On the other hand, a provider should order a diagnostic test on a patient who is exhibiting the signs and symptoms listed above, who is under a provider’s care after prostate cancer has been diagnosed, or who has a personal history of prostate cancer.

How Are Screening and Diagnostic PSA Tests Coded?

For screening PSA tests, you should report either HCPCS Level II code G0102 (Prostate cancer screening; digital rectal examination) or G0103 (… prostate specific antigen test (PSA)) depending on the testing methodology.

Diagnostic PSA tests are a little more complex to code, however. The test you’ll see most often is 84153 (Prostate specific antigen (PSA); total), which is used to measure the total PSA results. Less commonly used tests are 84152 (… complexed (direct measurement)), which directly measures the fraction of the antigen bonded to proteins in the blood, and 84154 (... free), which measures the approximately 10 percent of the antigen that is not bonded.

Remember: If your lab tests for both total and free PSA, then calculates the complexed fraction, you should not separately report 84152 for the calculated value.

What Diagnosis Codes Justify Medical Necessity for the Tests?

If the provider indicates they are ordering the test as a screening and doesn’t document any signs, symptoms, or conditions, you’ll link ICD-10-CM code Z12.5 (Encounter for screening for malignant neoplasm of prostate) to G0102 or G0103.

But “when the test is performed for diagnostic purposes, valid diagnoses for coverage may range from a known condition to determine the status of the disease or for various signs and symptoms,” says Kelly C. Loya, CPC-I, CHC, CPhT, CRMA, associate partner at Pinnacle Enterprise Risk Consulting Services LLC in Centennial, Colorado.

Among those diagnoses that justify medical necessity for 84152-84154 are signs and symptoms codes such as:

  • R31.0 (Gross hematuria)
  • R31.1 (Benign essential microscopic hematuria)
  • R35.0 (Frequency of micturition)
  • R35.1 (Nocturia)
  • R39.11 (Hesitancy of micturition)
  • R97.20 (Elevated prostate specific antigen (PSA))
  • R97.21 (Rising PSA following treatment for malignant neoplasm of prostate)

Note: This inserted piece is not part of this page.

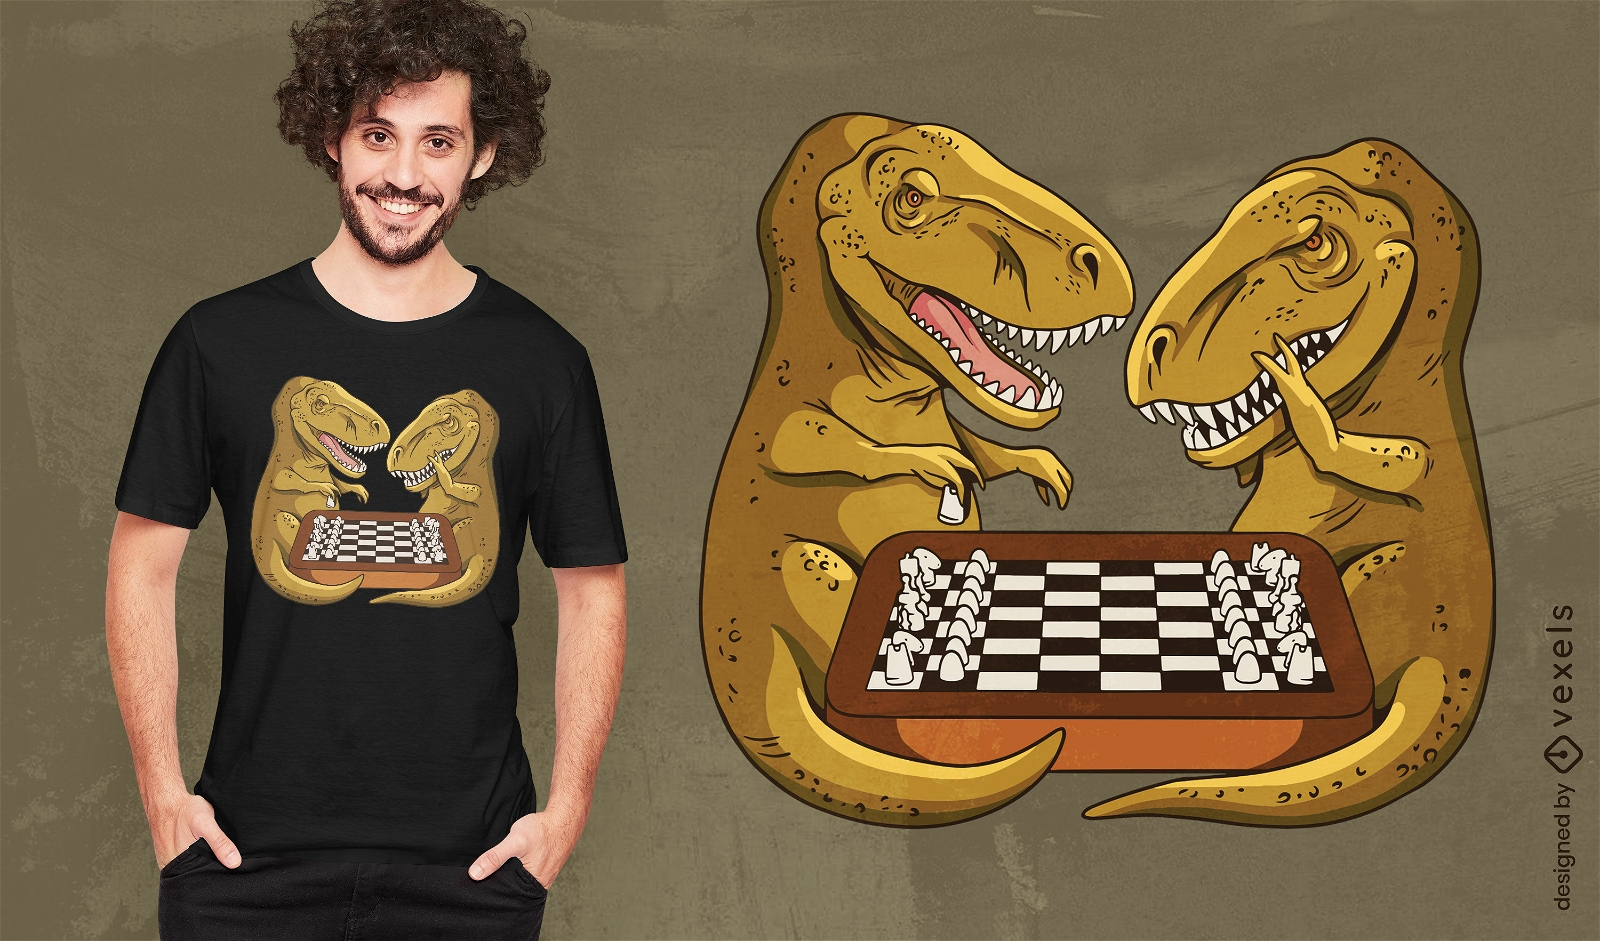 Dise?o de camiseta de dinosaurios T-rex jugando al ajedrez.

When the provider uses these codes, you can show that the PSA test is being used to “assist in the decision-making process for diagnosing prostate cancer,” according to the Medicare National Coverage Determination (NCD) >Prostate Specific Antigen.

“PSA also serves as a marker in following the progress of most prostate tumors once a diagnosis has been established. This test is also an aid in the management of prostate cancer patients and in detecting metastatic or persistent disease in patients following treatment,” the NCD continues.

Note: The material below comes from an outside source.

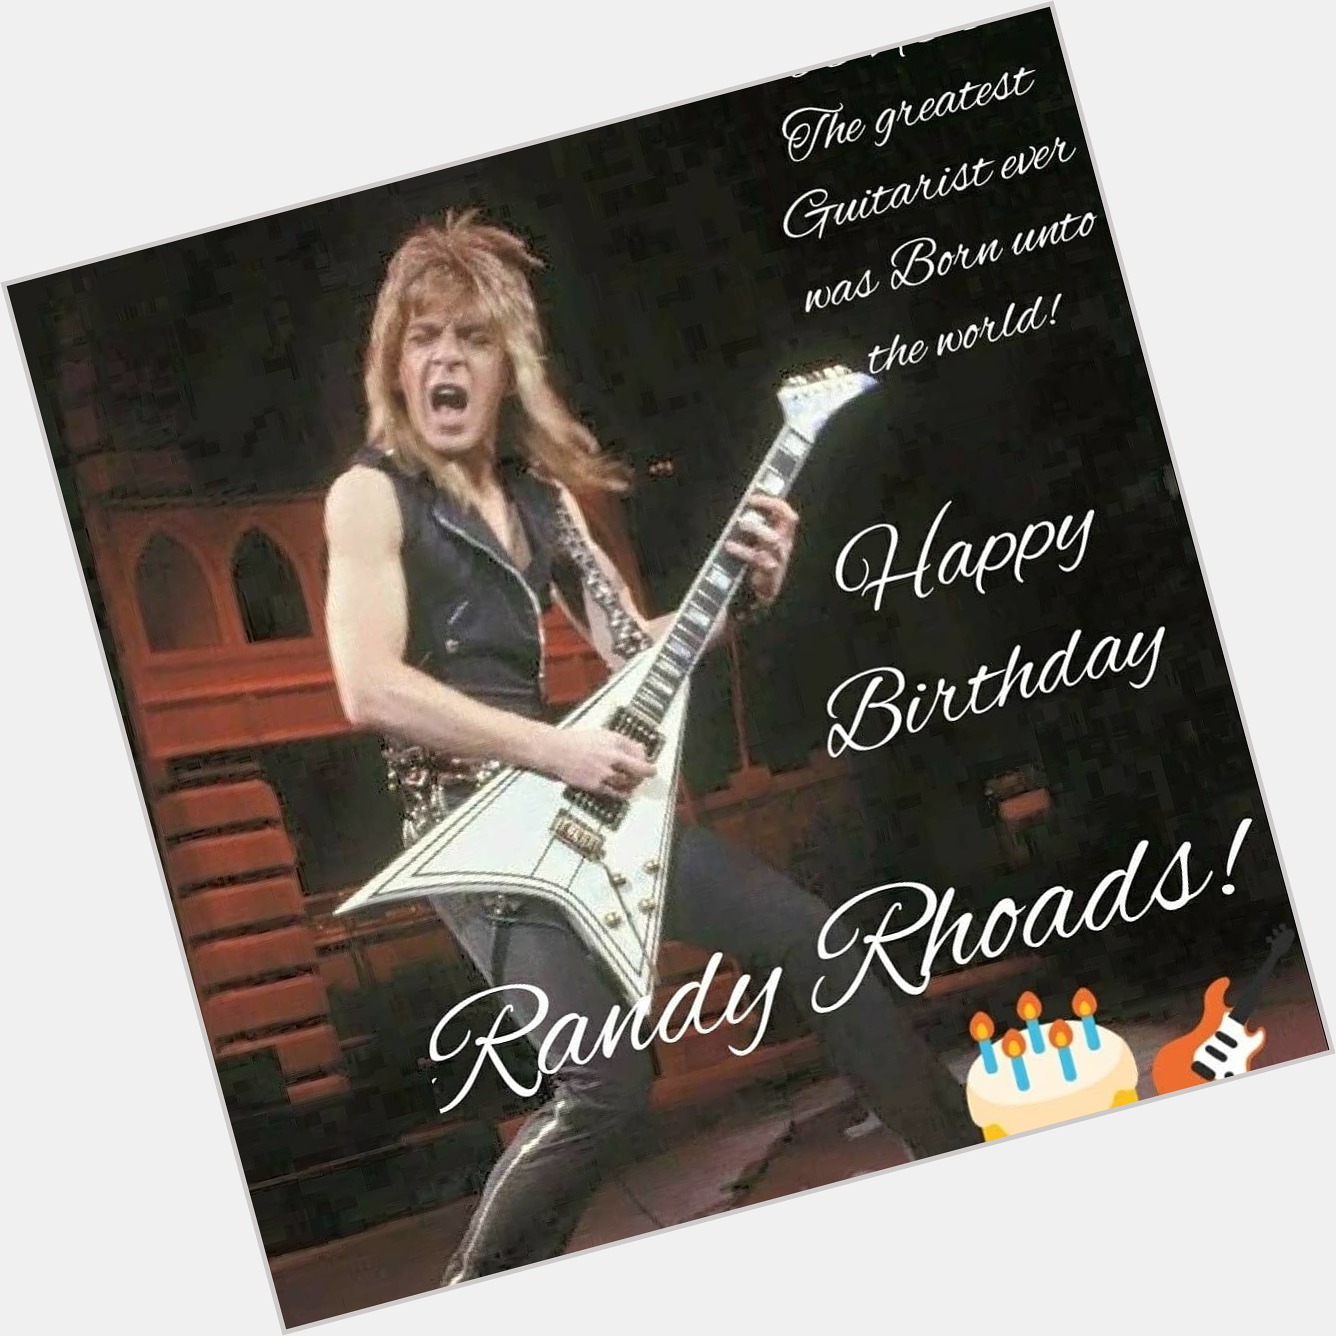 Happy Birthday Randy Rhoads. Gone, but never forgotten!

This means other acceptable codes for accompanying 84152-84154 would be codes such as:

  • C61 (Malignant neoplasm of prostate)
  • D07.5 (Carcinoma in situ of prostate)
  • D40.0 (Neoplasm of uncertain behavior of prostate)

If a provider orders a diagnostic PSA test for a patient who has successfully undergone treatment for prostate cancer, and whose cancer is now in remission, you should not use the C61 diagnosis. Instead, you should report Z85.46 (Personal history of malignant neoplasm of prostate).

How Often Can a Patient Be Tested?

Medicare covers PSA testing once every year for men over 50. That means you need to ensure the patient hasn’t had a PSA test within the past 12 months if you expect payment for a test ordered with Z12.5 as the only diagnosis.

But if your lab performs a diagnostic PSA test, you don’t have to consider the testing frequency when you file a claim.

For Medicare patients, if you’re not sure when the patient last had a screening PSA test, you should get a signed Advance Beneficiary Notice of Noncoverage (ABN) so that you can bill the patient for the test if Medicare rejects the claim.

Coding tip: Because medical necessity for a PSA test varies from payer to payer, you should always check the patient’s payer’s covered diagnosis list, says Michael A. Ferragamo, MD, FACS, clinical assistant professor of urology at State University of New York, Stony Brook.